■ **RAW DATA**
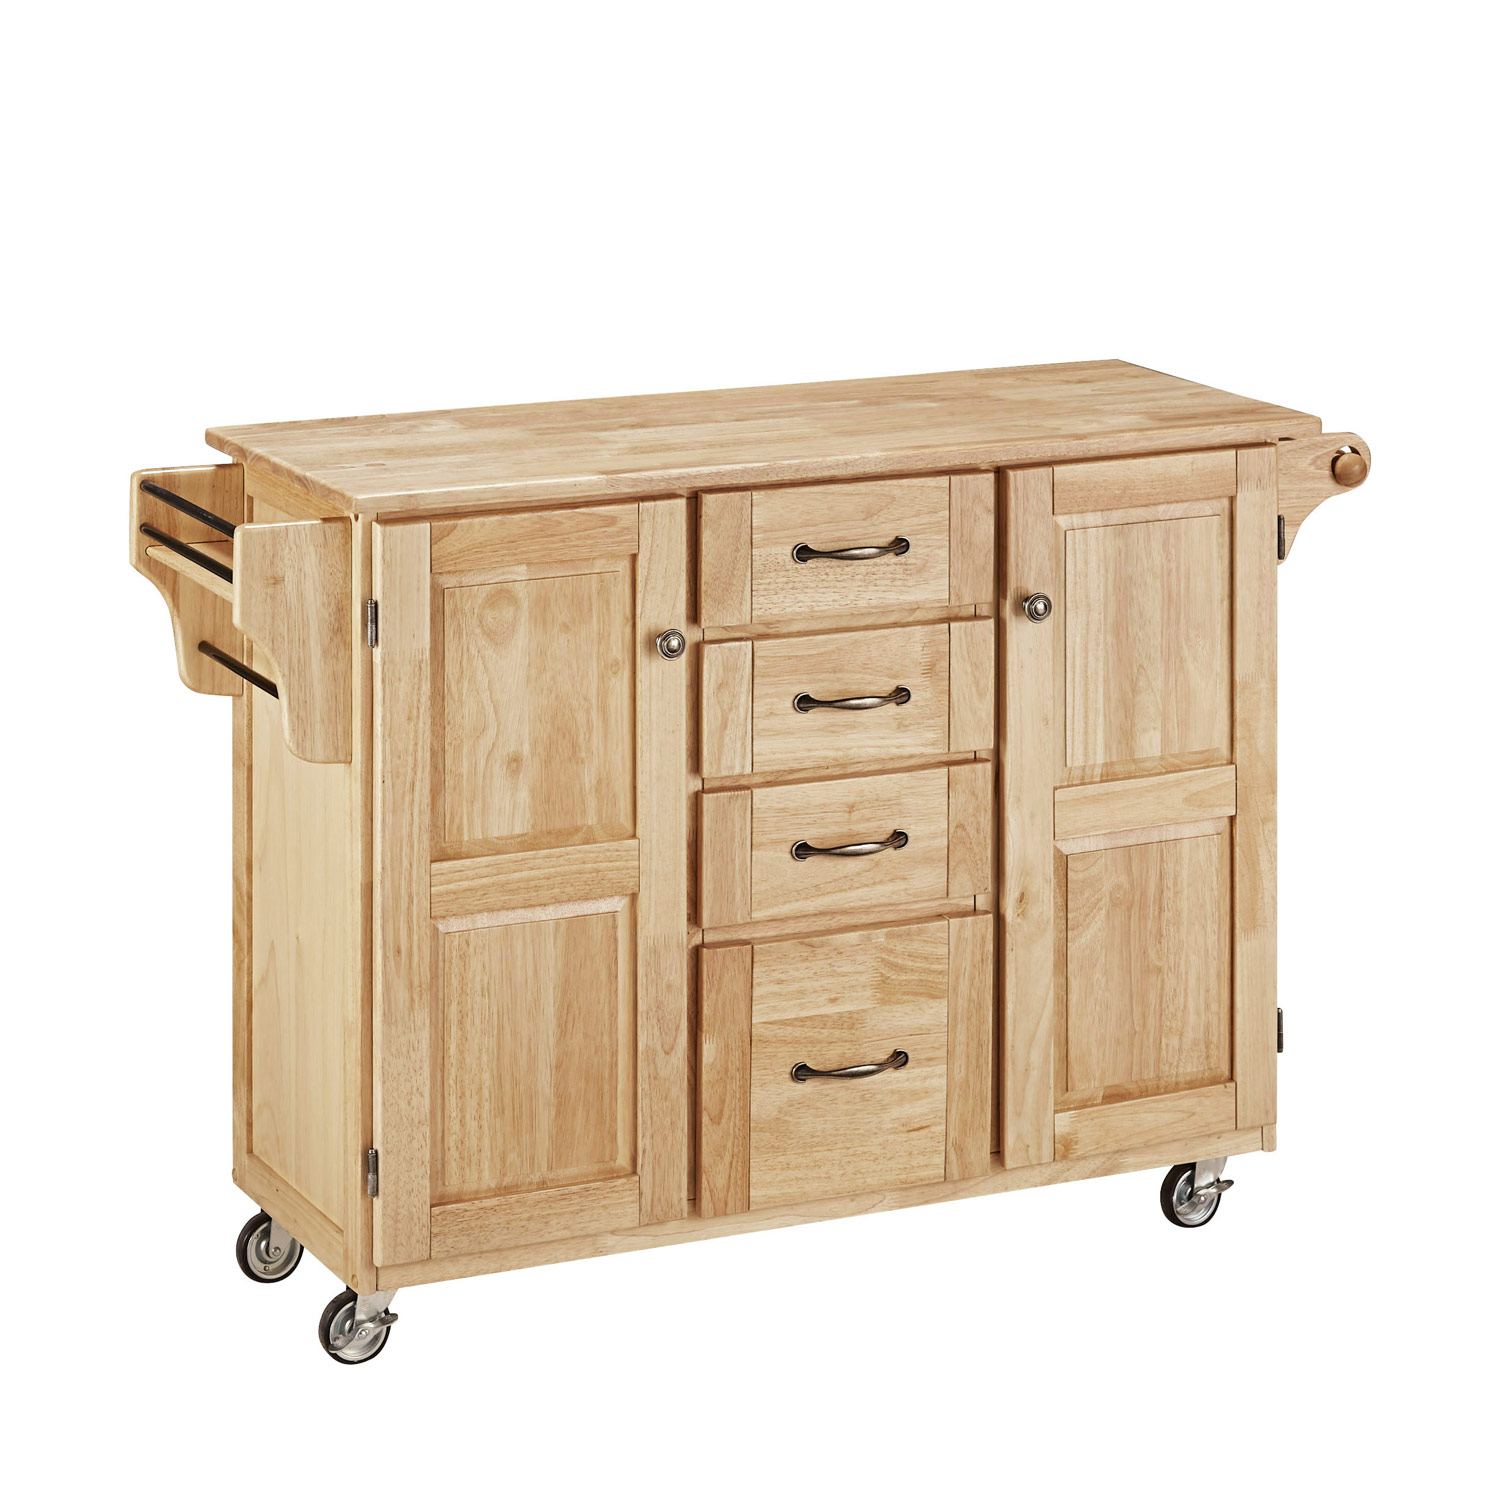 Home Styles Create-A-Cart with Natural Wood Top - Natural
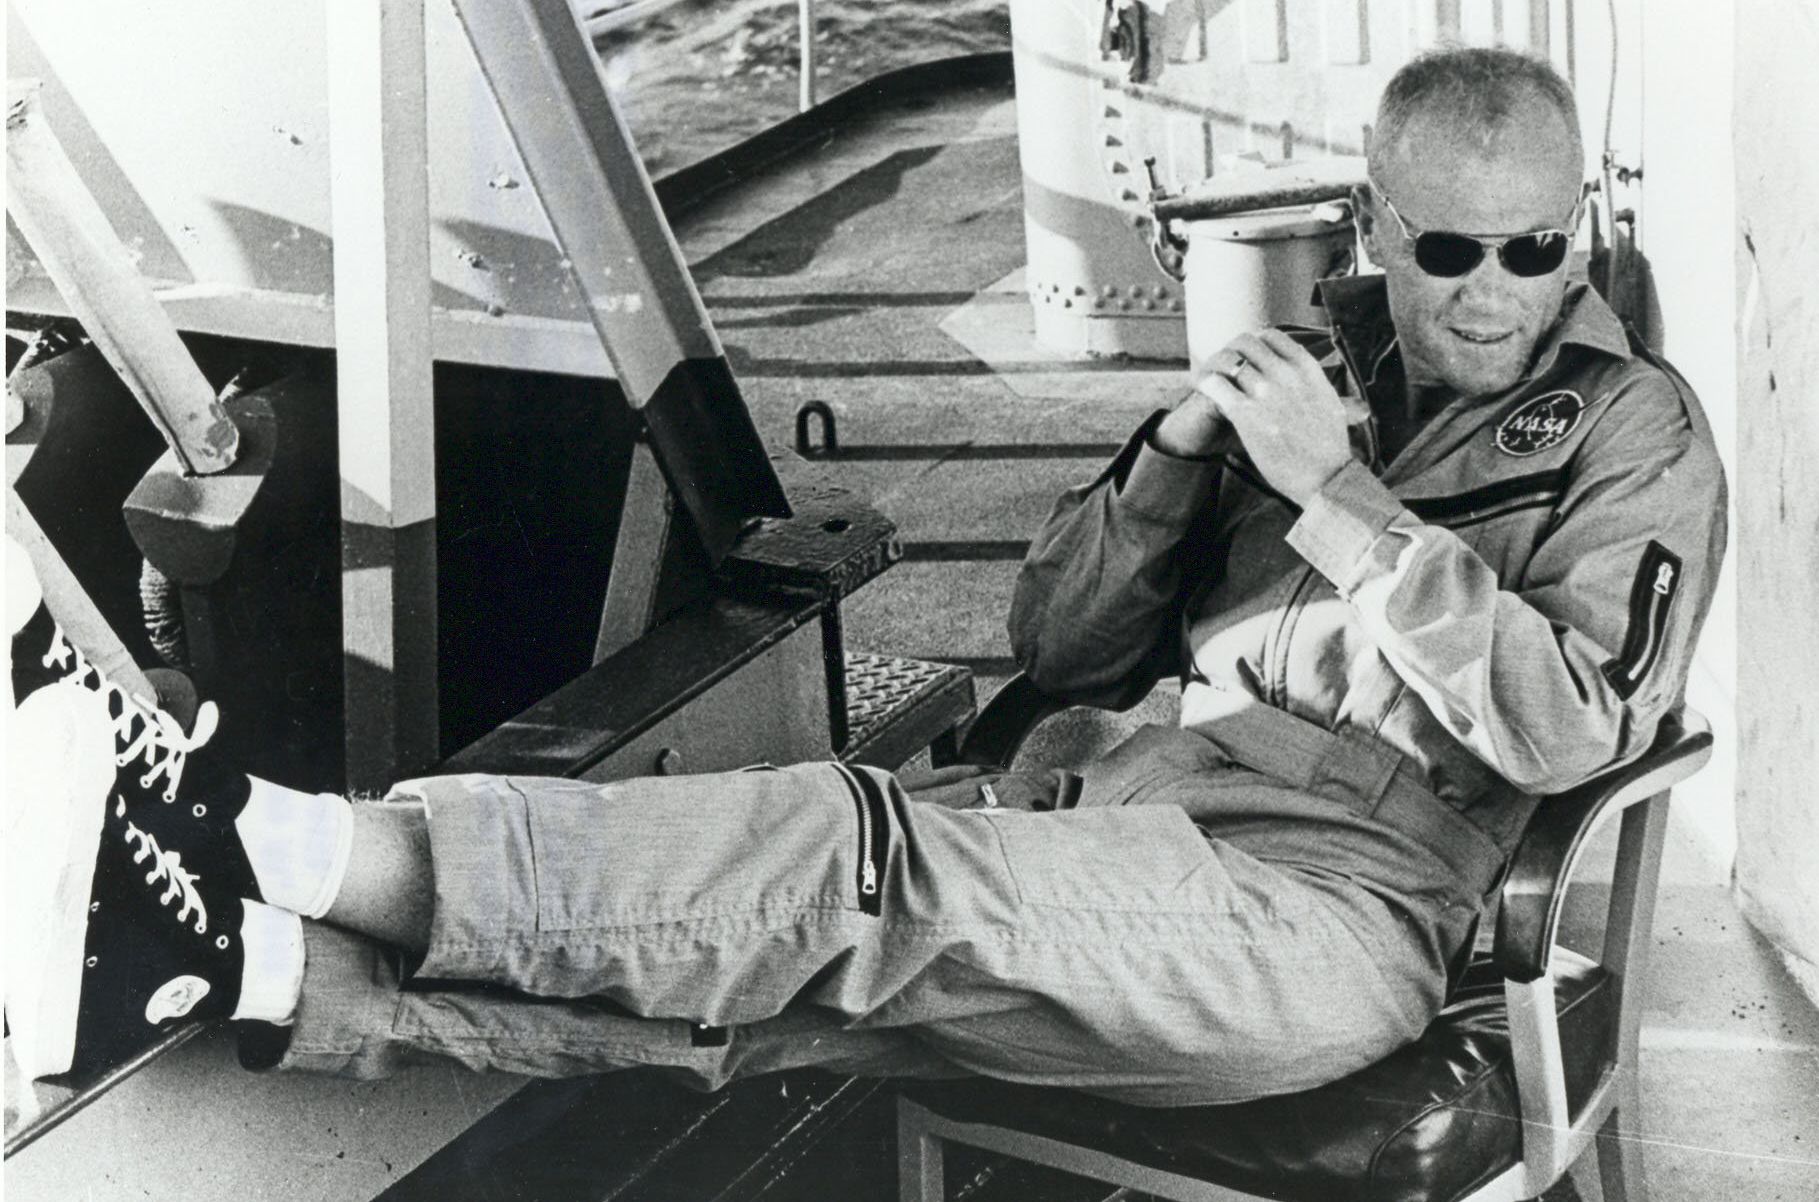 Glenn relaxes on the deck of&nbsp;the USS Noa after his historic&nbsp;space flight.
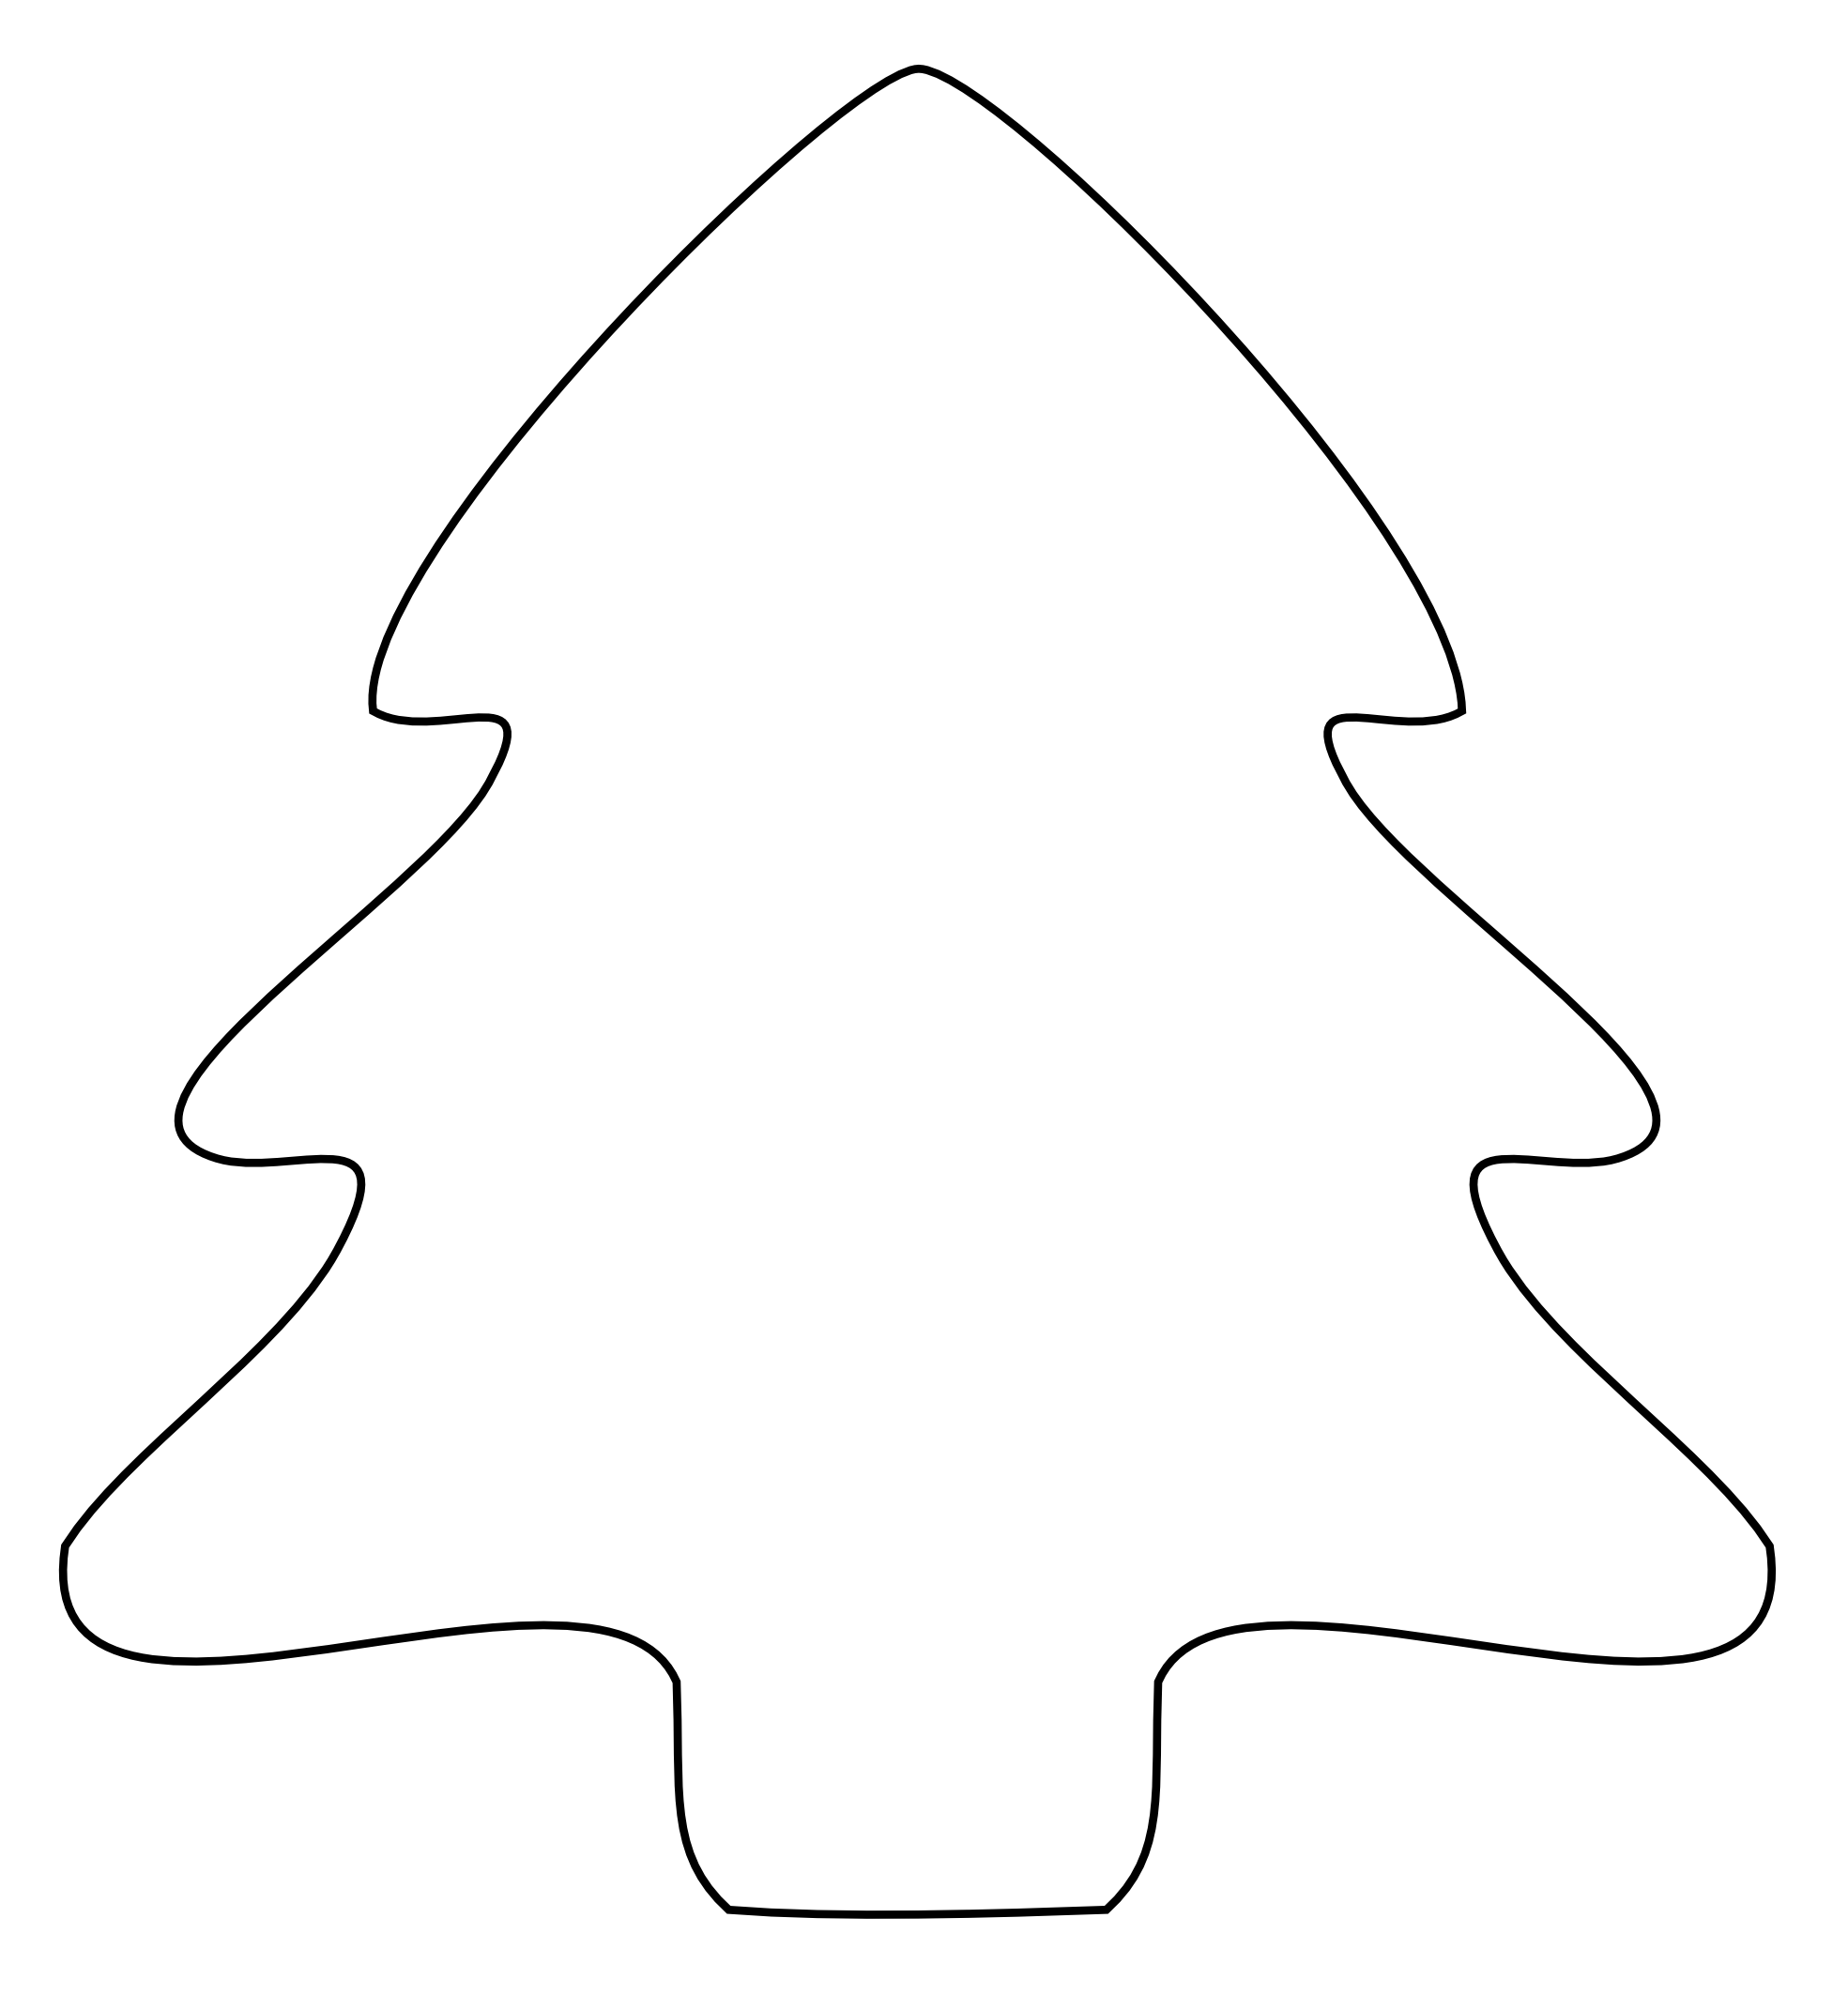 Xmas Stuff For > Christmas Tree Outline Clip Art - Cliparts.co

■ **THE PROBLEM**
Please print the data above once more, exactly and without images.

■ **COMPLETED EXERCISE**
 Home Styles Create-A-Cart with Natural Wood Top - Natural
 Glenn relaxes on the deck of&nbsp;the USS Noa after his historic&nbsp;space flight.
 Xmas Stuff For > Christmas Tree Outline Clip Art - Cliparts.co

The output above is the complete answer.